If $Y=ln(X)$ has a normal distribution with mean $\mu$ and standard deviation $\sigma$, we calculate CV for $X$ as

- $CV(X)=\frac{E(X)}{\sqrt{Var(X)}}=\sqrt{\exp(\sigma^2)-1}$

In Peter's data we estimated the variance of the log error to $`r fmt_tex(sigma2a)`$, which means that the estimated CV of the capacity measurement is


- CV = $\sqrt{\exp\left (`r fmt_tex(sigma2a)` \right ) -1} = `r round(100*(sqrt(exp(sigma2a) - 1)), 2)`$%.

i.e., **if** we correct for the systematic error of the meter, then our measurements are extremely precise.

## Linear calibration

In our previous analysis, we assumed, that the systematic error on the meter did not depend on nominal value.

To check this assumption consider the model

- $Y=\mbox{ln(measuredValue)}$ is a linear model of $x= \mbox{ln(nominalValue)}$
- $Y=\alpha+\beta x+\varepsilon$

where we have previously assumed slope($\beta$) equal to 1.

## Linear calibration fit

```{r}
fit <- lm(log(capacity) ~ log(nomval), data = capDat)
summary(fit)
```
The slope is more than close to 1. But is actually extremely significantly different from 1 (tvalue=3776.74 >>>> 3). 

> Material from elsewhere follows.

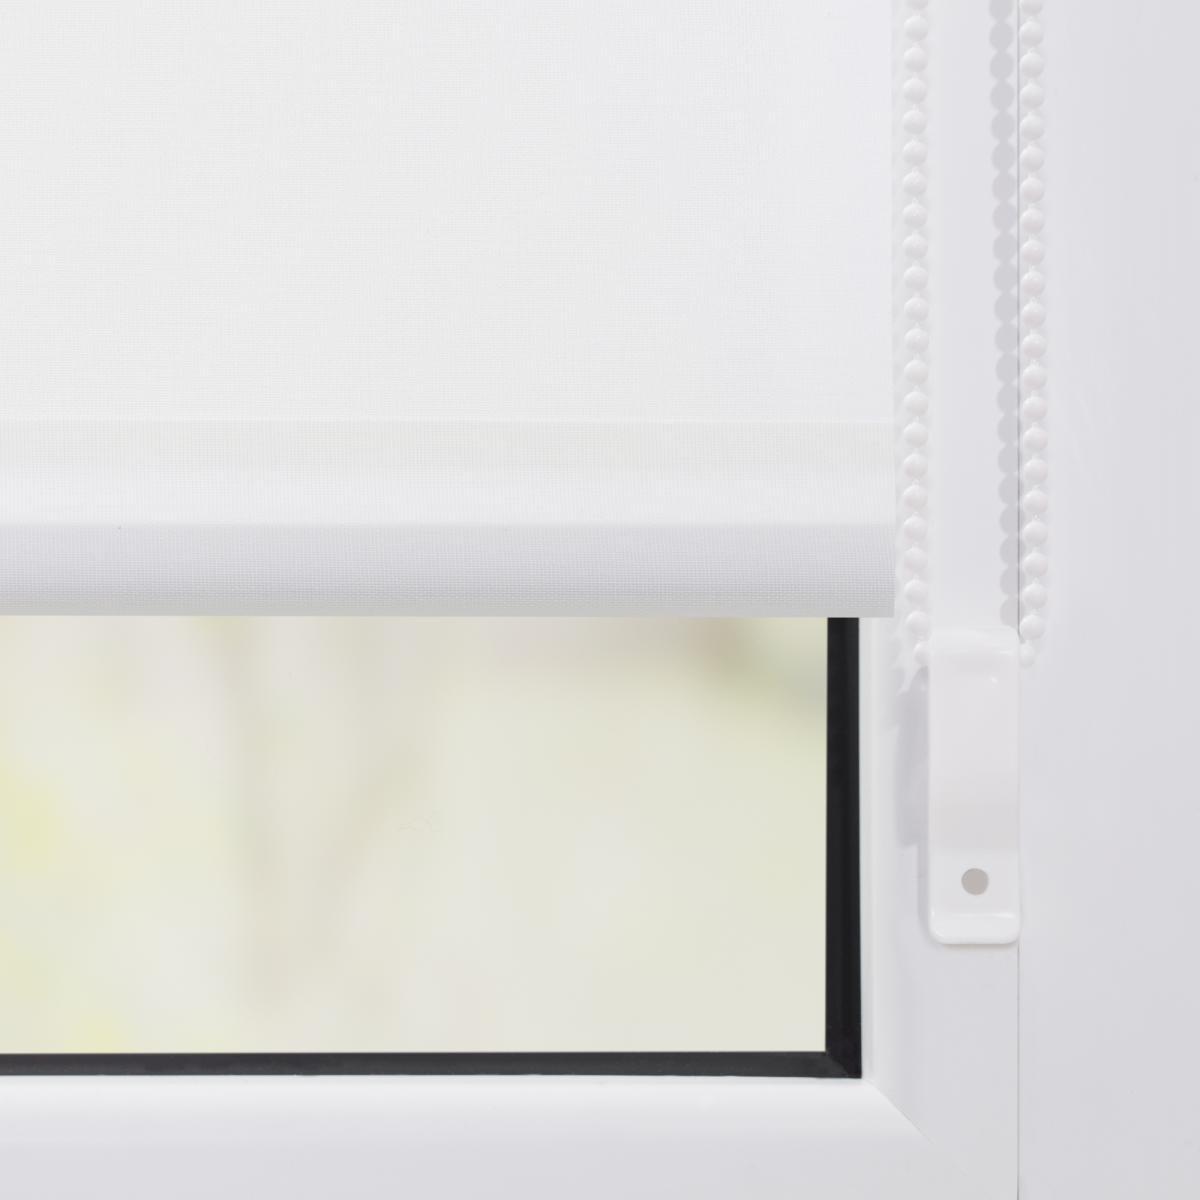 Bild 4 von Lichtblick Rollo Klemmfix, ohne Bohren, blickdicht, Tipi - Schwarz Weiß, 45 x 150 cm (B x L)

Clearly, it is a bit dubious to assume a linear relationship, as we only have 3 nominal values. 

## Calibrated values

If we stick to the linear calibration model, it is sensible to correct our measured errors according to the calibration of the meter:

- $$\mbox{measuredError}=\alpha+\beta *\mbox{correctError}$$
- $$\mbox{correctError}=(\mbox{measuredError}-\alpha)/\beta$$
  
```{r}
ab = coef(fit)
ab
capDat$lnError_c = (capDat$lnError - ab[1])/ab[2]
```
  
```{r echo=FALSE}
save(ab, file = "ab.RData")
```

## Calibrated data

```{r}
head(capDat)
```

The calibrated data now shows that the production error on component s_1_nF47 is in the vicinity of 0.2%. Well below the tolerance 1%.